Because response data packet is issued to software protecting equipment termination receipts from server end and has time-delay; therefore software protecting equipment can revised (S18) with the main frame time with the server time calibrating installation after the time again; need to judge the validity of main frame time during correction equally, its process is identical with correcting device time main frame time (S05) with the aforementioned back that powers on.After successfully finishing aforesaid operations, finish remote calibration flow process (S19), enter control flow (S10) to protected software.

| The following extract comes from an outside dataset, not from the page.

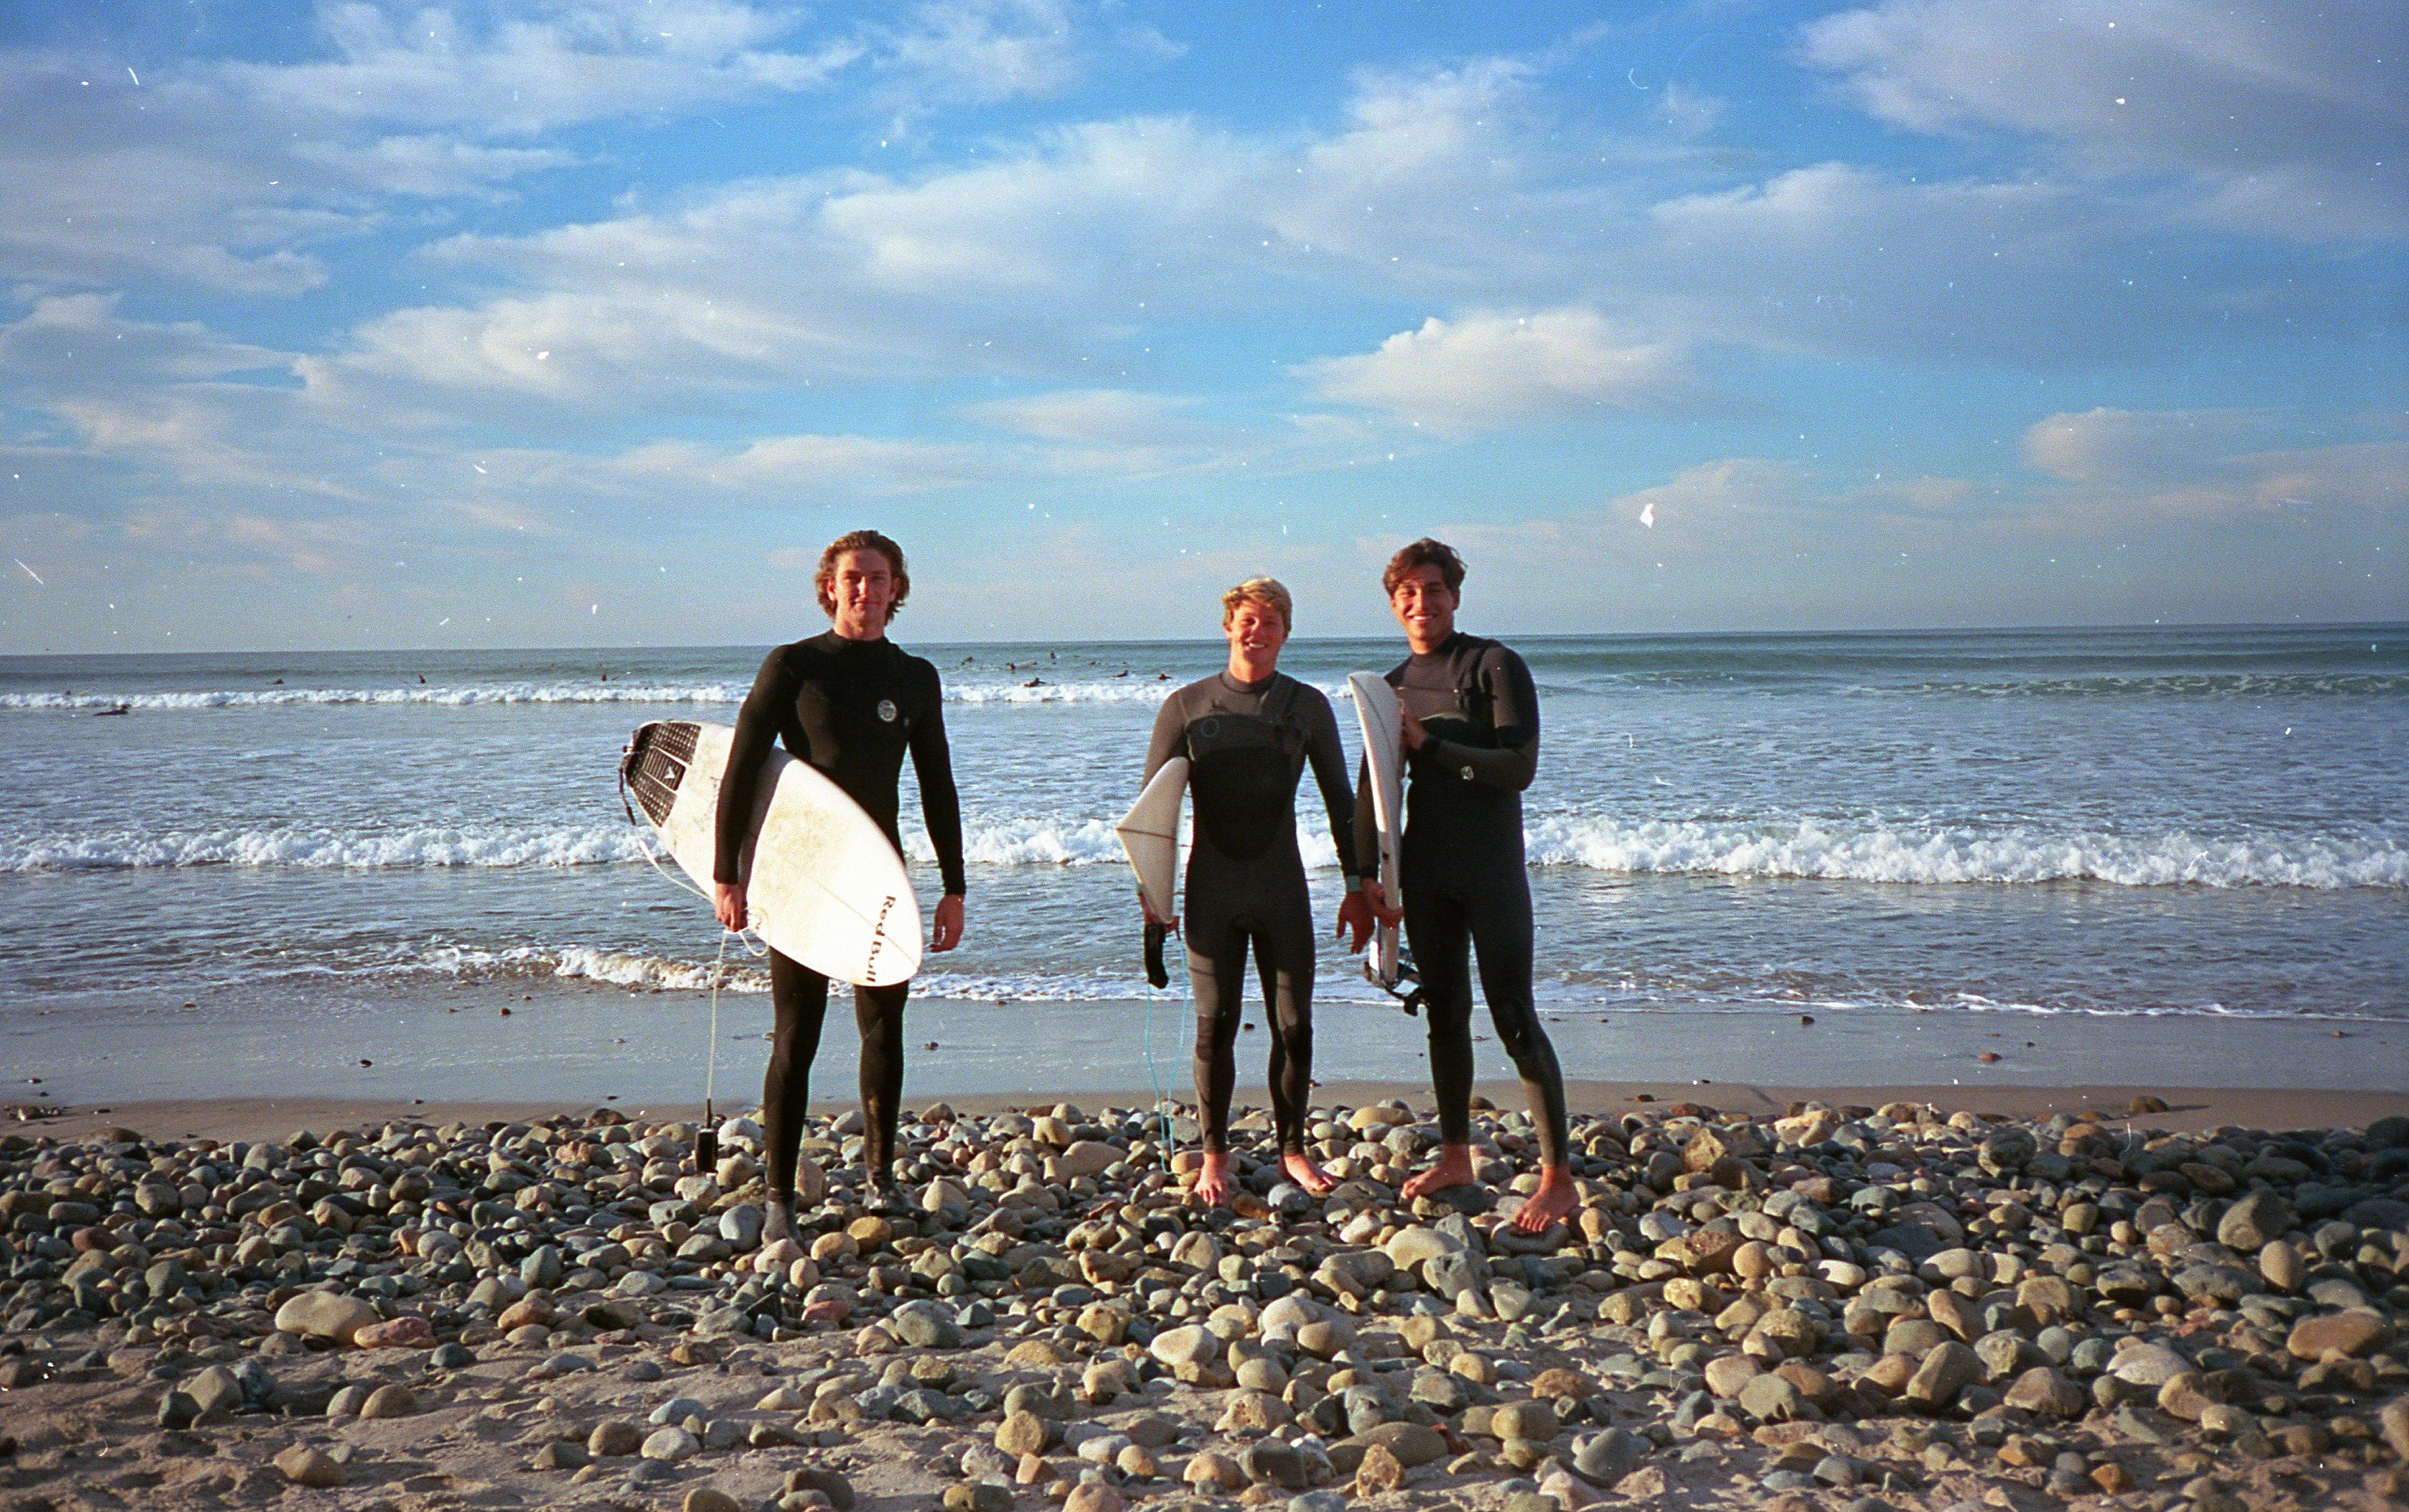 Surfer students Genie

If real-time time remote calibration flow process starts but does not finish as yet; then forbid the use of protected software immediately, perhaps from this moment when service time of protected software, accumulative total working time, after accumulative total power-on time or accumulative total access times reach predetermined value, forbid the use of this protected software.If be not activated real-time time remote calibration flow process, then to protected software implementation expectant control strategy.
The present invention is not limited to above-mentioned particular implementation example; do not deviating under spirit of the present invention and the real situation thereof; skilled personnel can make various corresponding changes and distortion according to the present invention, and these corresponding changes and distortion all should belong within the claims protection domain of the present invention.